The answer to this question depends upon what we mean by “intelligence”. Justice Potter Stewart of the US Supreme Court said in 1964, “Intelligence is like porn, difficult to define, but you know it when you see it.” When we observe members of our species we see some who learn quickly, can solve problems easily, and can articulate ideas clearly. Others struggle with abstract concepts, learn more slowly, and have difficulty expressing themselves. To describe this variation in human capability, we use the term, intelligence. Perhaps the most widely accepted definition is the one articulated by psychologist Linda Gottfredson:
Intelligence is a very general mental capability that, among other things, involves the ability to reason, plan, solve problems, think abstractly, comprehend complex ideas, learn quickly, and learn from experience. It is not merely book-learning, a narrow academic skill, or test-taking smarts. Rather, it reflects a broader and deeper capability for comprehending our surroundings, “catching on,” “making sense” of things, or “figuring out” what to do.
We humans have used our ingenuity to harness the electronic properties of inorganic elements like silicon, to simulate human intelligence. Computer chips, operating on the simple rules of logic that humans implement in the deductive process, are able to execute mathematical algorithms much faster than we can. They can beat us in strategy games like chess and GO, and they can store and recall prodigious amounts of information that exceed the capacity of the human brain and humiliate us in games like Jeopardy! Such outstanding performance suggests to many that these devices display a higher level of intelligence than humans.

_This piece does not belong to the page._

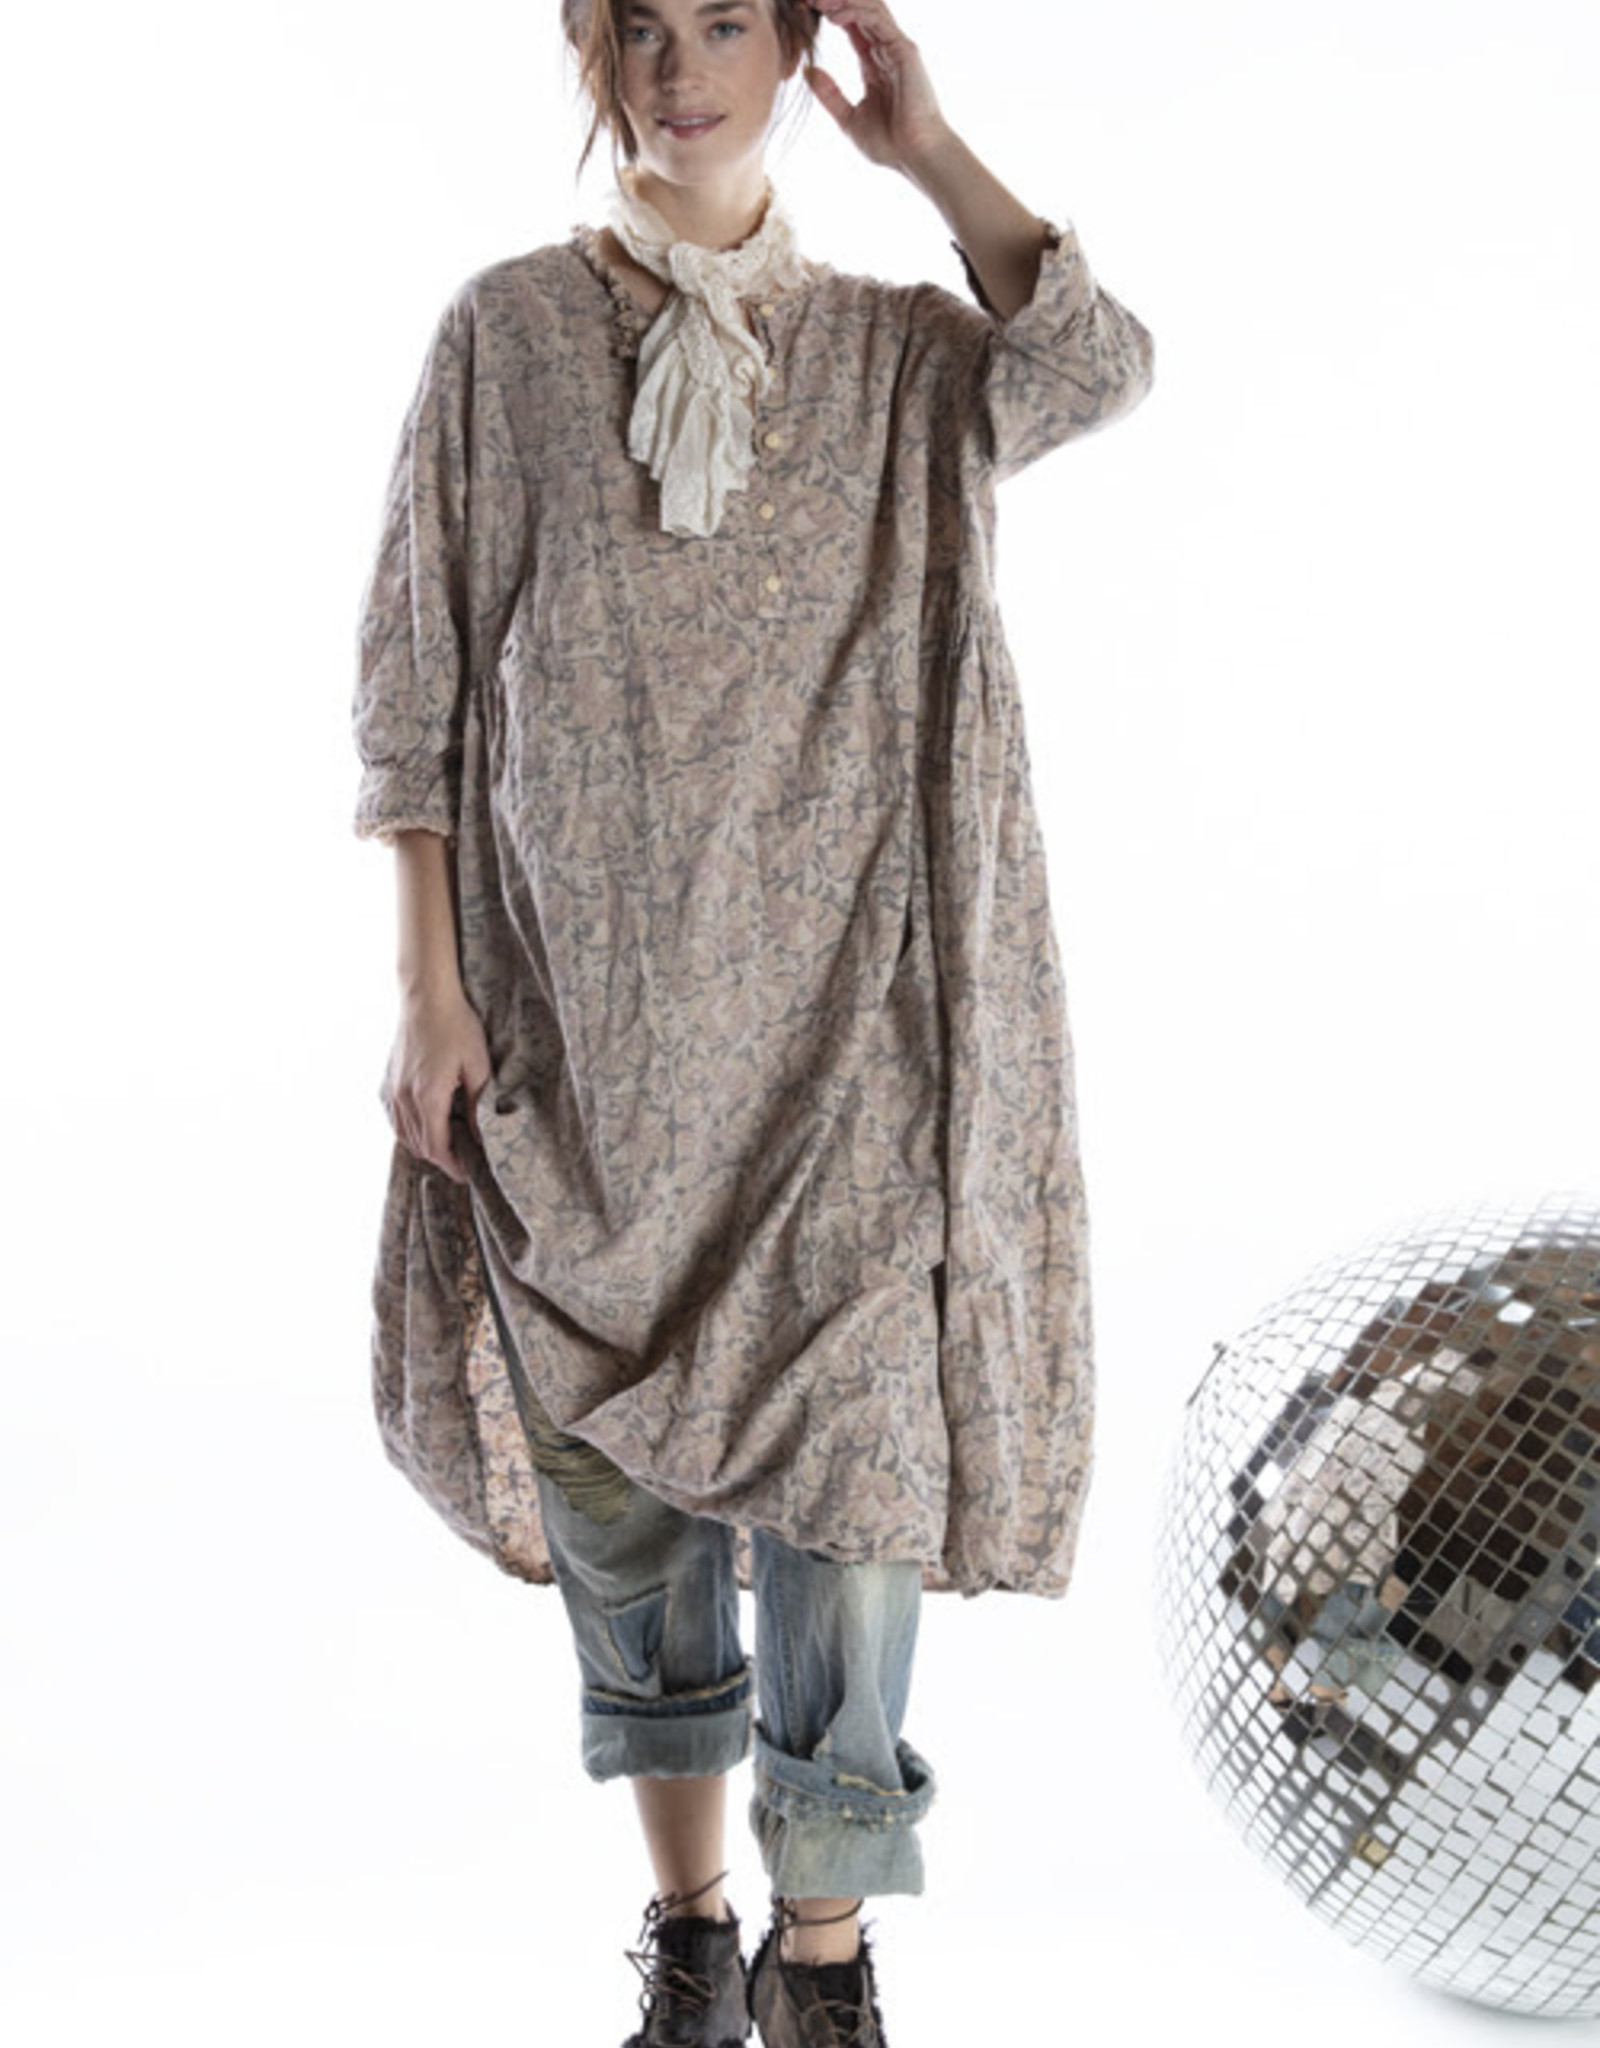 MAGNOLIA PEARL MAGNOLIA PEARL DRESS 697

Early in the development of such devices, Alan Turing, addressed the question, “Can machines think?” He argued that if a human interrogator at a keyboard asks questions of a human as well as a computer, both hidden from view, and is unable to determine from their answers, which of them is human, then that computer is truly a thinking machine. This has since been referred to as the Turing test for a thinking machine. In some sense, this is Turing’s definition of “intelligence.”

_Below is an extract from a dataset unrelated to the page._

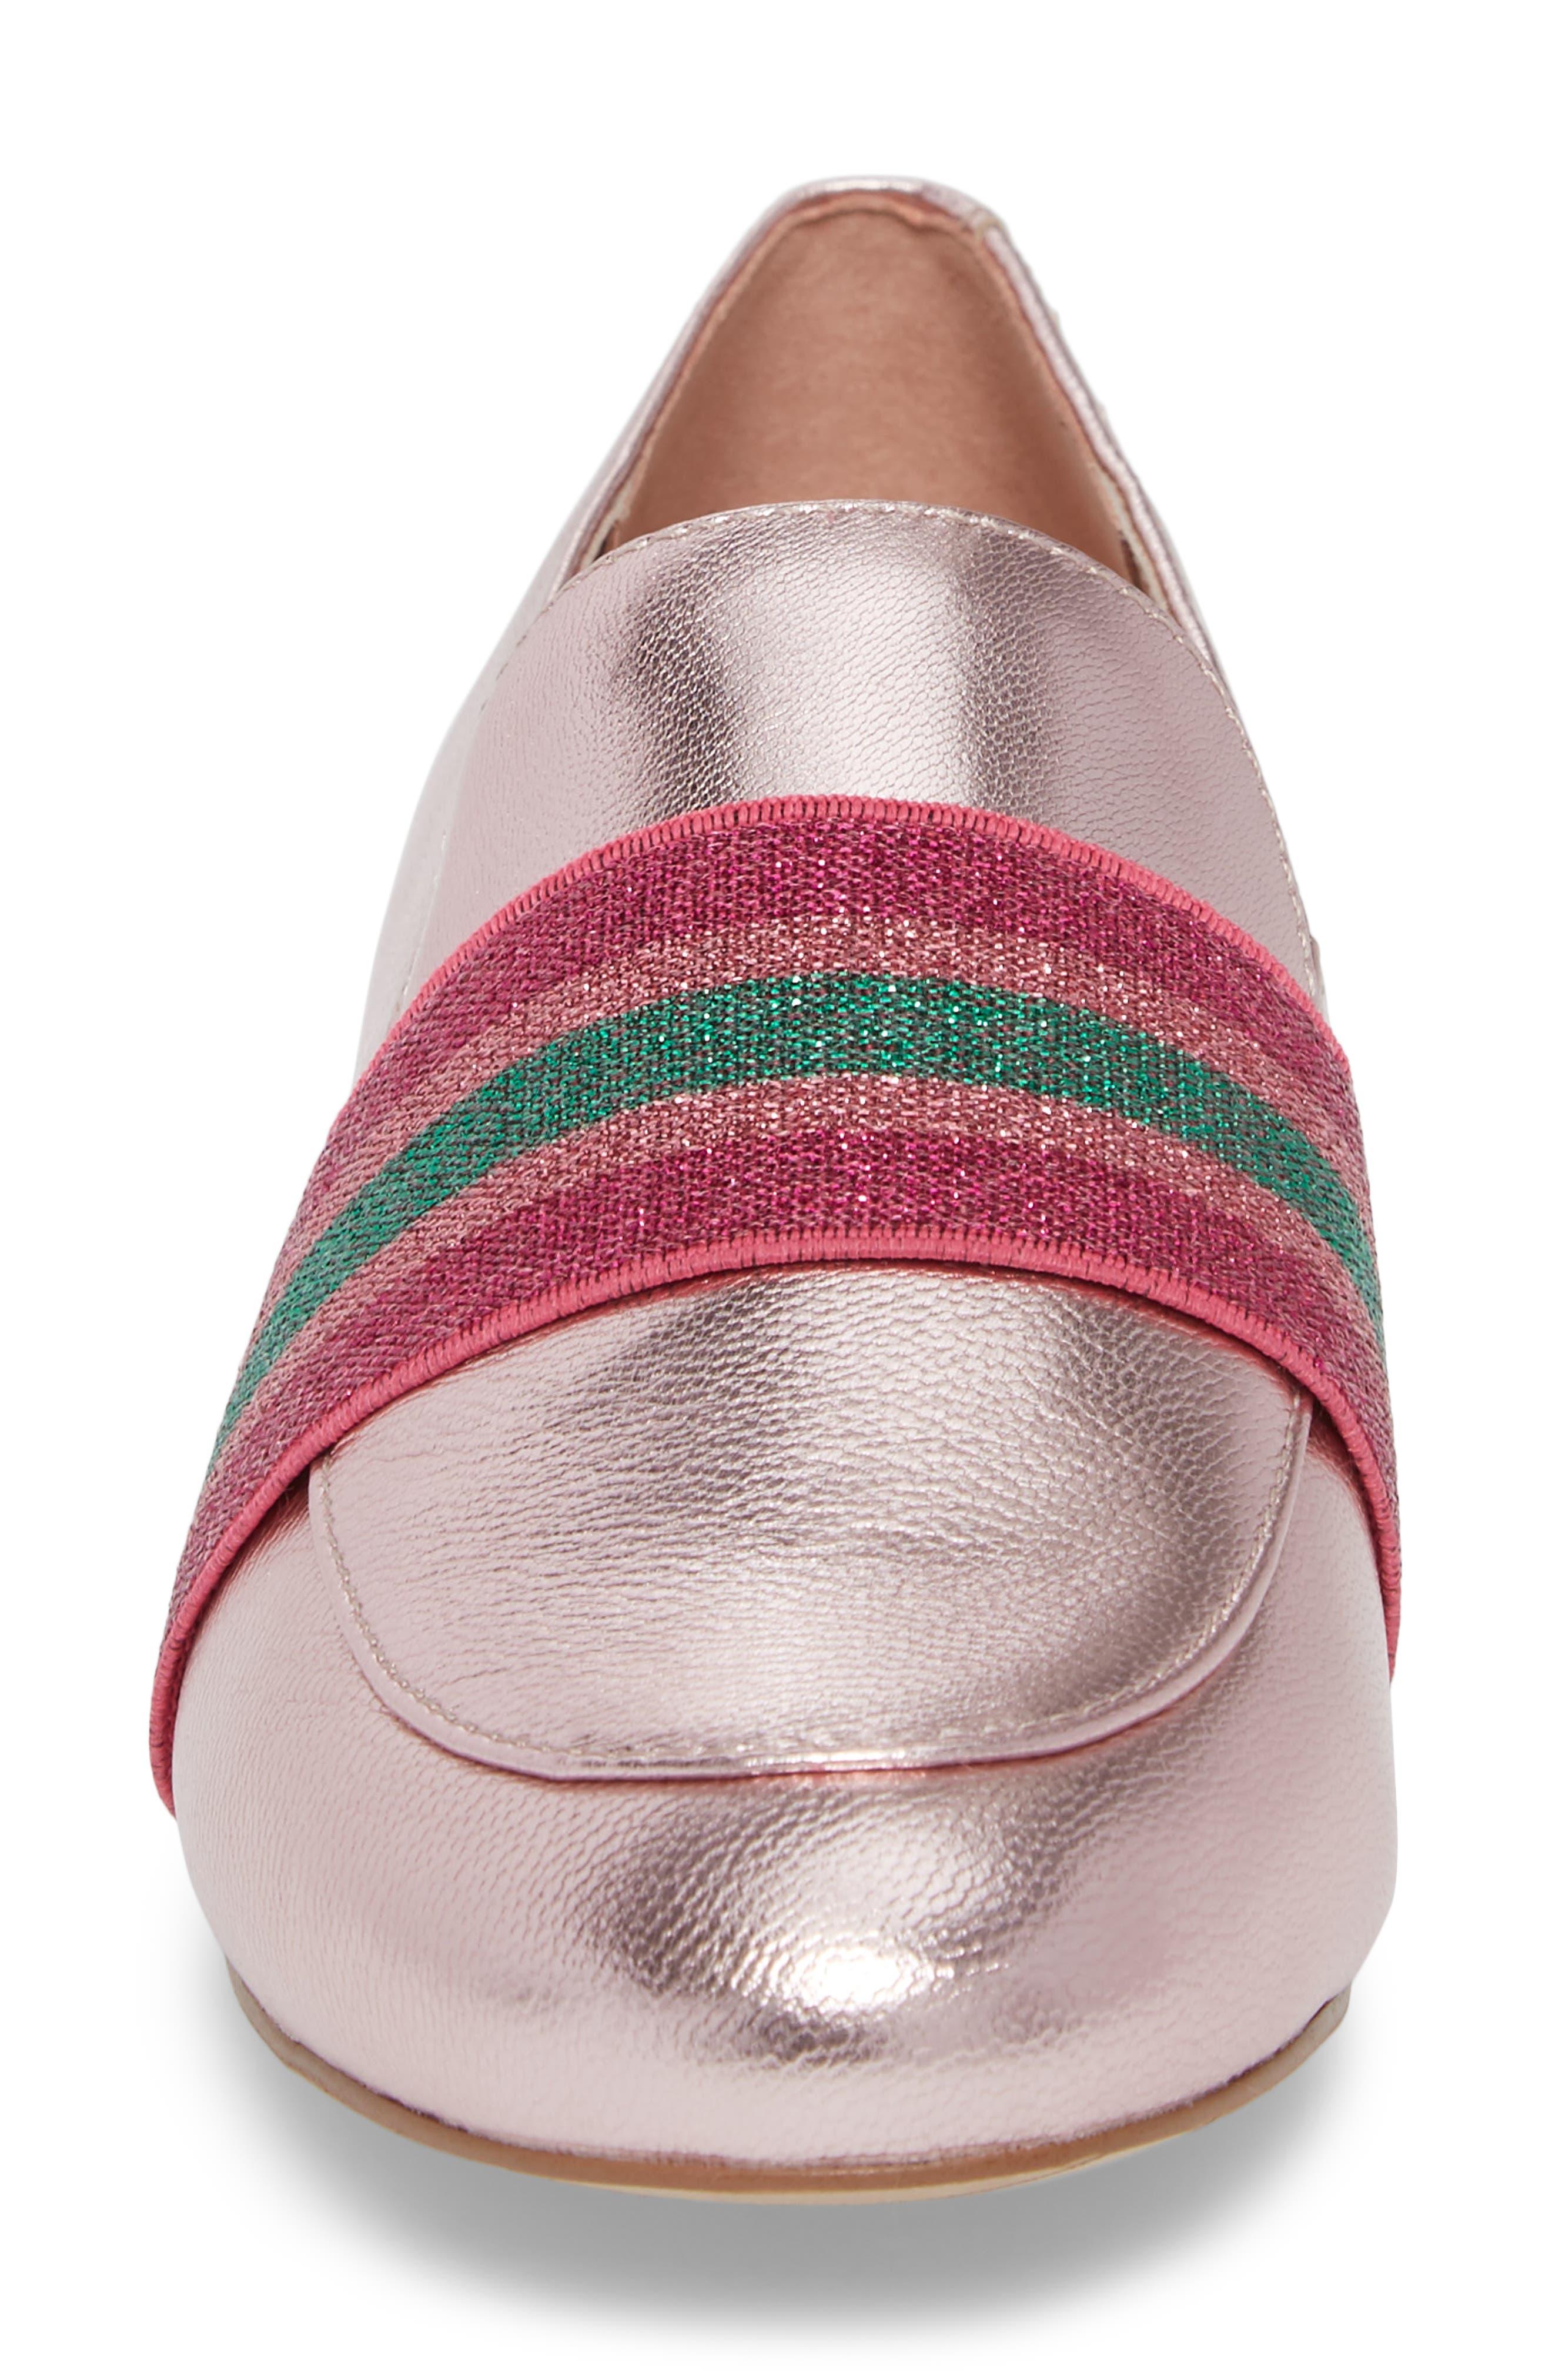 Walden Loafer,                             Alternate thumbnail 4, color,                             Pink Metallic Leather

Artificial intelligence is based on algorithms that are discrete and process information in a linear fashion. Humans, on the other hand, “understand” concepts the same way we understand metaphor–using relationships and connections that is more analogue than digital. For that reason, those who believe in the “soft AI” philosophy, such as Roger Penrose and others argue that AI will never acquire “real intelligence.” See, Is it possible for AI (artificial intelligence) to create intelligence greater than itself and surpass human intelligence? – Intelligence and IQ
Attributing an IQ to a machine is still outside our scope, because the concept of intelligence is not clearly defined. If we refer to Gottfredson’s definition of intelligence (given above), and focus on the “problem-solving” component of intelligence, we recognize that artificial intelligence may be superior at solving sharply-defined mathematical problems where an algorithm approach is required. However, if we were to give artificial intelligence the problem, “Find a cure for cancer,” artificial intelligence would require that we decide what information is relevant and input the relevant data. The answer seems to hinge upon what it means to understand a concept. So far, it seems that we may be able to compare the processing power of humans and machines, but we cannot really compare their “intelligence.”